Die Szene zeigt, wie die Patientin in einer langen Aufmerksamkeitsspanne ein Lied mit allen drei Strophen mitsingt und dazu ein Vorspiel, Zwischenspiele und ein Nachspiel gestaltet. Von Anfang an ist unser Musizieren mehr als ein Fokussieren auf ein gemeinsames Thema, also auf das Lied mit seinen drei Strophen. Schon in der Musik vor dem Lied und auch sogar, bevor sich eine Einleitung zu einem Lied zu erkennen gibt, zeigt Frau Schwan eine entwickelte Fähigkeit zum Nach- und Mitmachen.

Mit meiner Kadenz am Anfang biete ich Frau Schwan noch kein Lied (gemeinsames Thema) an und weiß zu diesem Zeitpunkt selbst überhaupt noch nicht, dass ein Lied folgen wird. Vielmehr gebe ich eine Struktur in Klang und Form vor, die einen Sicherheit vermitteltenden Rahmen vorgibt und gleichzeitig in ihrer Einfacheit zum Anreichern mit vokalen Äusserungen einlädt.

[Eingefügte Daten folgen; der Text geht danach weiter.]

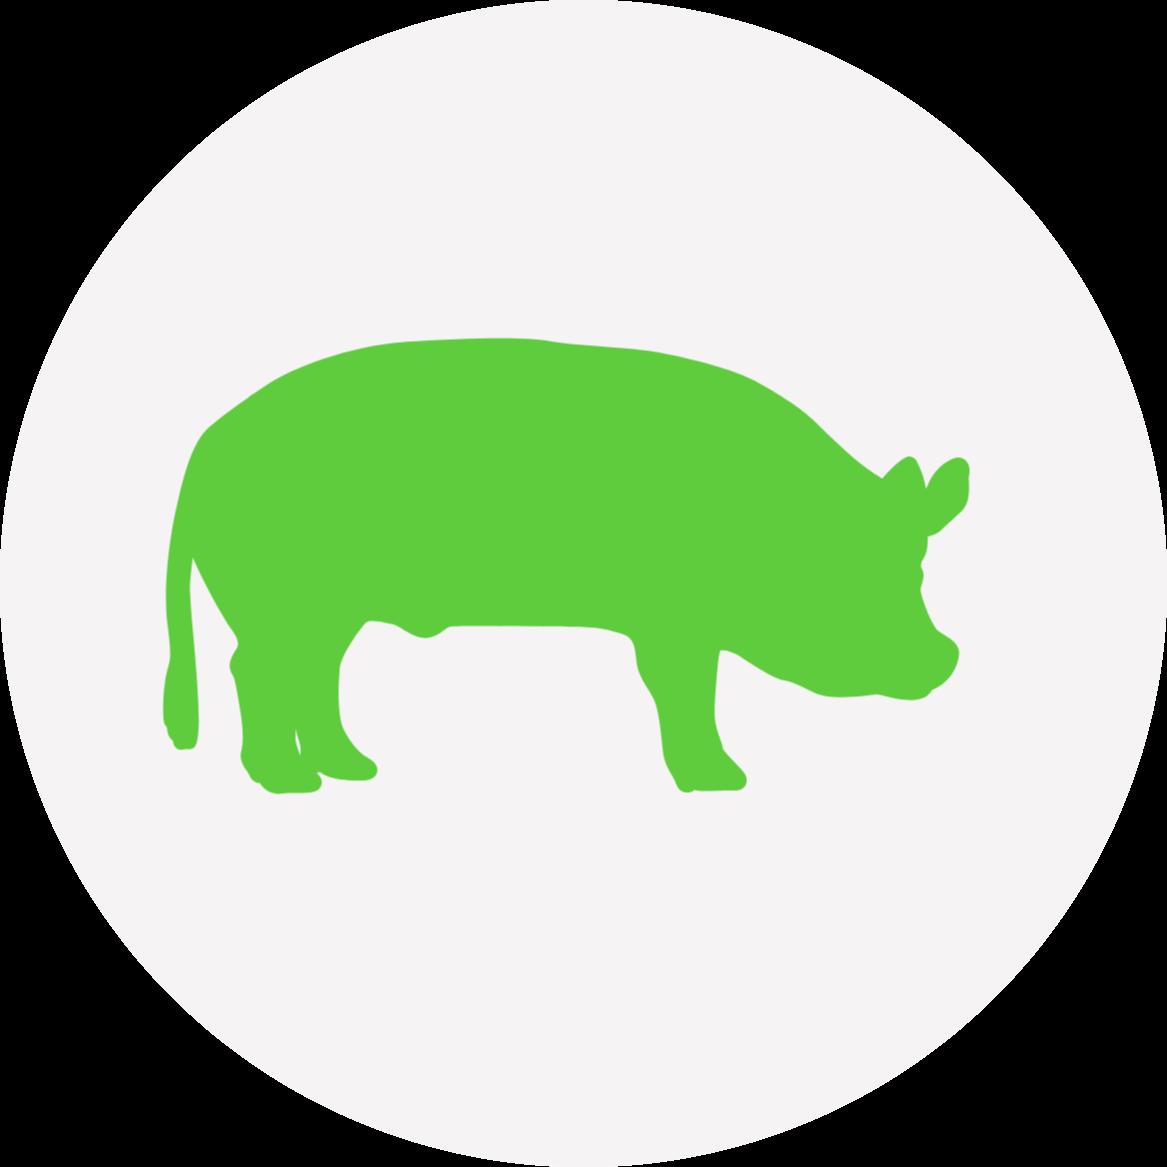 Hog roast catering icon
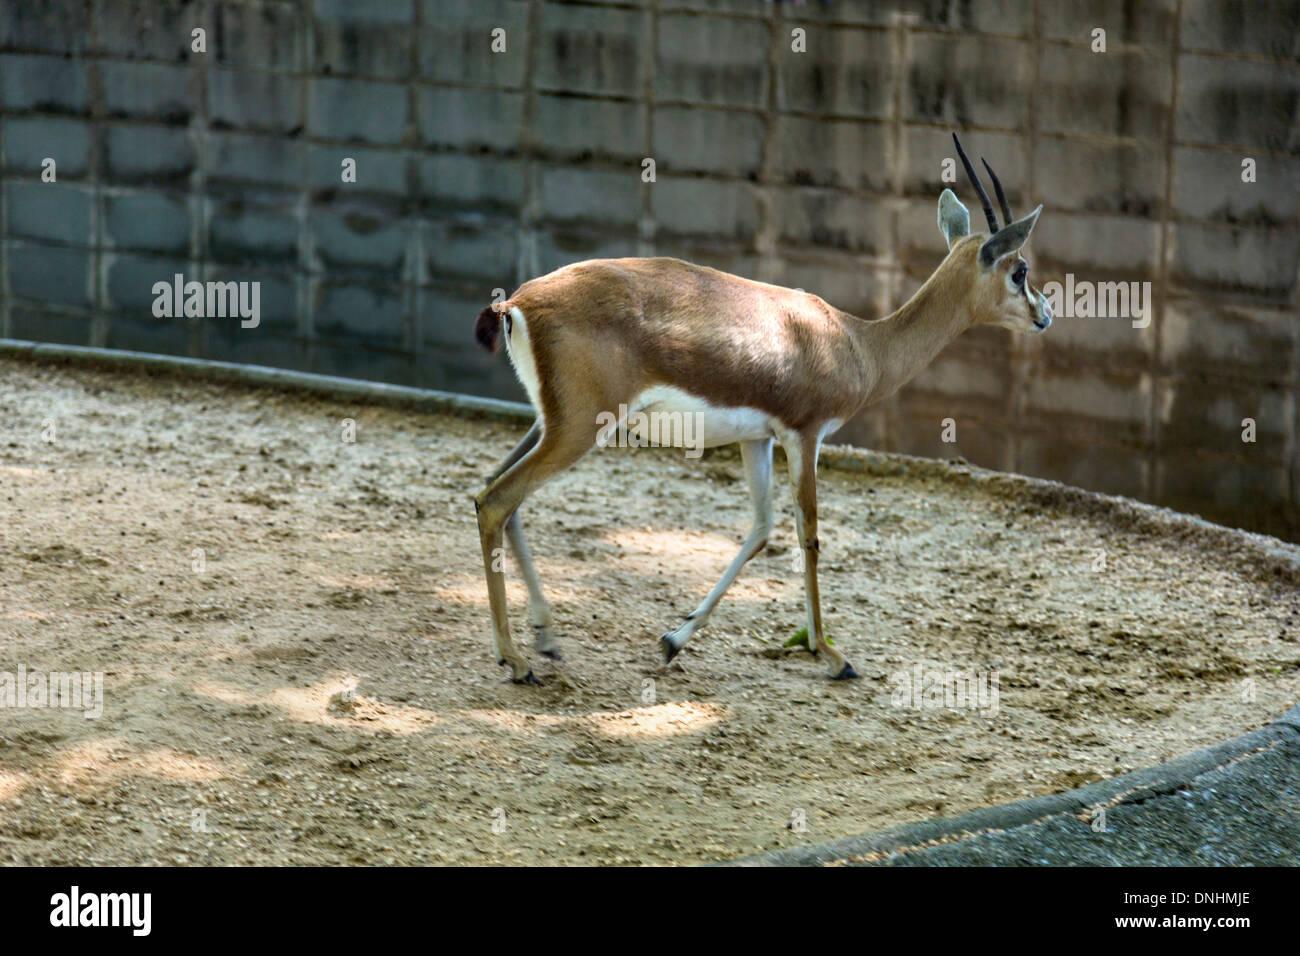 Gazelle in a zoo, Barcelona Zoo, Barcelona, Catalonia, Spain Stock Photo

Frau Schwan zeigt sich initiativ, sie beginnt mit einem eigenen melodischen Einfall. Sie improvisiert und kennt den weiteren Verlauf unserer Musik ebenso wenig wie ich, aber ihre interpersonelle Beziehung zu mir bleibt durch die aufeinander bezogenen Vokalisationen über die gesamte Szene hinweg klar erkennbar. An mehreren Stellen gibt es Momente, bei denen ich der Patientin den Übergang von der Interaktivität zur Interaffektivität anbiete. Das ist beispielsweise der Fall, wenn ich im zweiten Zwischenspiel nach der zweiten Strophe die kleine Variation der Strophenmelodie mit kurzen, eingestreuten Achtelketten unbekümmert auf "La-la-la" singe. Frau Schwan scheint jedoch zu konzentriert meinen Achtelketten hörend und mitsingend zu folgen, als dass sie sich ins freie Spielen mit mir einlassen könnte.

Auch nach der dritten Strophe, als wir uns herzlich zur textlichen Schlusspointe angelacht haben, wäre die Möglichkeit zu einem improvisierten Nachspiel auf der Beziehungsebene der Interaffektivität gegeben. Ich spüre hier, dass Frau Schwan noch während der Strophe kurz in einem lustvollen Spielen mit mir agiert hat (Sie zeigt hier im EBQ eine Tendenz zum Modus 6). Im sich anschließenden Nachspiel nimmt sie meinen weiter angebotenen, spielerischen Affekt im Singen aber nicht auf. In beiden Fällen kehre ich zum dialogischen Level zurück, um sie nicht zu überfordern, sondern ihr in ihrem aktuellen Beziehungsmodus zu begegnen.

(Einschätzung der gesamten Szene: im EBQ Modus 5 mit Peak zu 6 : Pat. VBQ 5 mit Peak zu 6 , Ther. TBQ 5 mit Peak zu 6).